メニューに関しても大正時代といえばトンカツやコロッケの揚げ物系が多いが高校の文化祭で揚げ物をする訳にもいかないのでカレーやパスタで対応する事や大正時代は関係ないが、飲み物でコーヒーや紅茶の他にも和装に合わせて抹茶を点ててから提供する事で学びの一環だとここでもアピールをしている。
これではうちのクラスの文化祭の定番メイト喫茶と比べて学びの面で大きく負けている。
結果として先生達の投票は満場一致で隣のクラスの勝利だった。
これはモデルの差を抜きにしても同じ結果になっただろう。
それくらい先生達の好みのツボを押さえているそんなプレゼンだった。
彼女は結果を聞いて先生からの労いを受けてその流れで先生達の前で思いがけない質問をする。

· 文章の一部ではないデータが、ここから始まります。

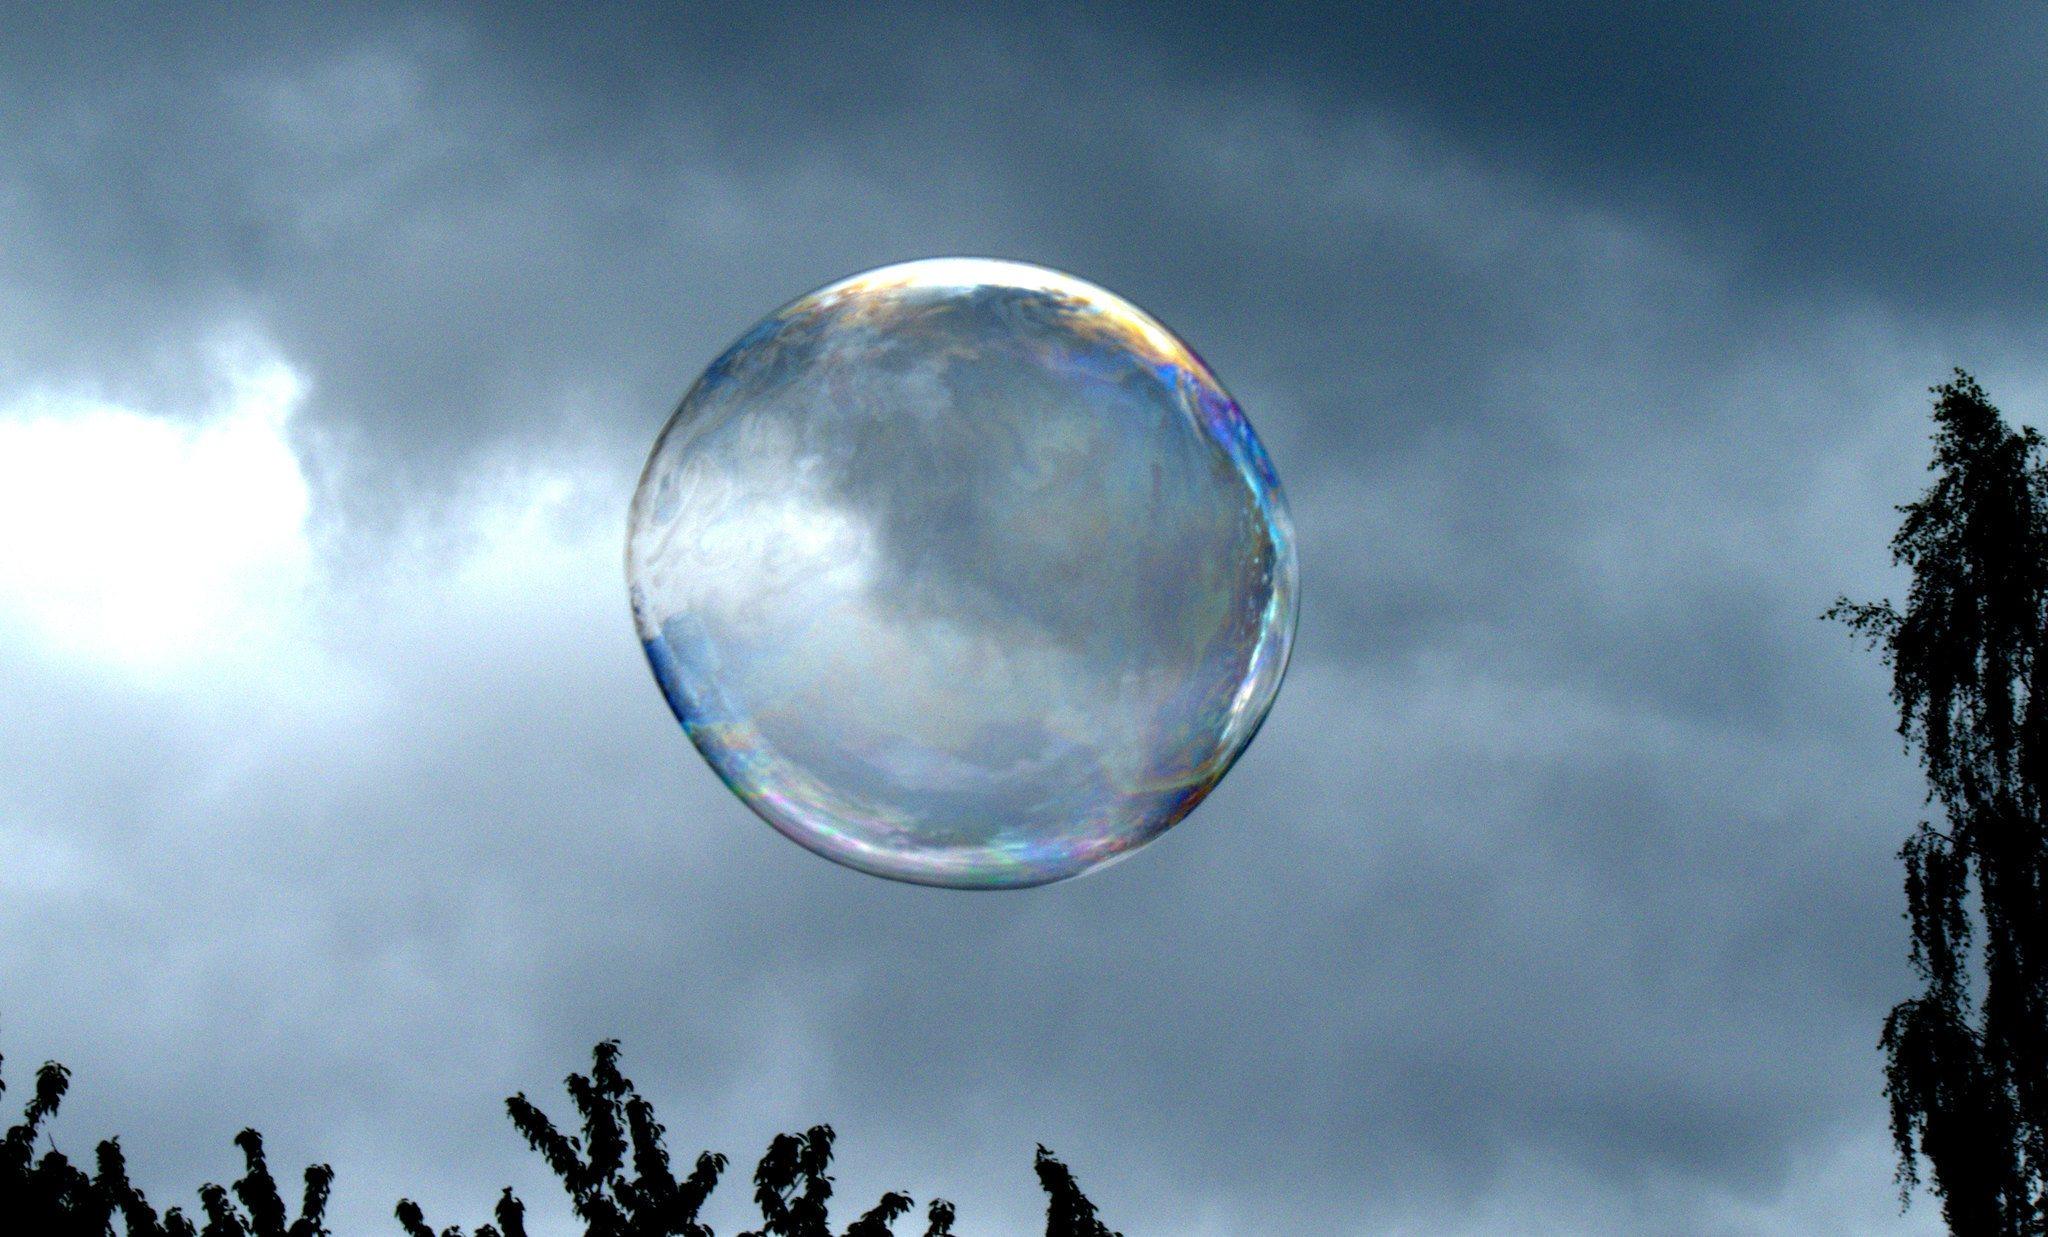 Huge soap bubble

「良ければ隣のクラスと合同で大正浪漫喫茶をしても大丈夫ですか?」
その質問には先生達の前に僕が絶句する。
思わず彼女を見るが彼女の表情からは何も読み取れない。
学年主任の先生が彼女の質問に長考してから記憶を辿るように答えてくれる。
「前例は無いと思いますが、クラス同士と担任の先生の許可があれば可能です」
「ありがとうございます。では今回は隣のクラスと合同で出店すると言う事でどうでしょう?」
彼女はプレゼンを聞いていた自分のクラスの担任と僕のクラスの担任にこの場で確認をする。
「担任としては可能です。だけど全てはクラスメイト次第ですね」
学年主任の先生が許可した手前、反対はせずクラスメイト次第だと言う担任達の言葉を聞いて彼女は僕の方に視線を向けた。
「篁君はどうかな?」
「僕も個人的には有りだけど、とりあえずこの場はクラスメイトと相談と言う事でいいかな」
「うん。私の方もクラスメイトと相談するから返事はまた後でね」
彼女の中では僕の答えも織り込み済みなのか特に気にした様子はない。
結局そのまま二人で視聴覚室を退出するまで会話も無く僕には彼女が何を考えているのかわからないまま自分のクラスに彼女の提案を持ち帰る事になった。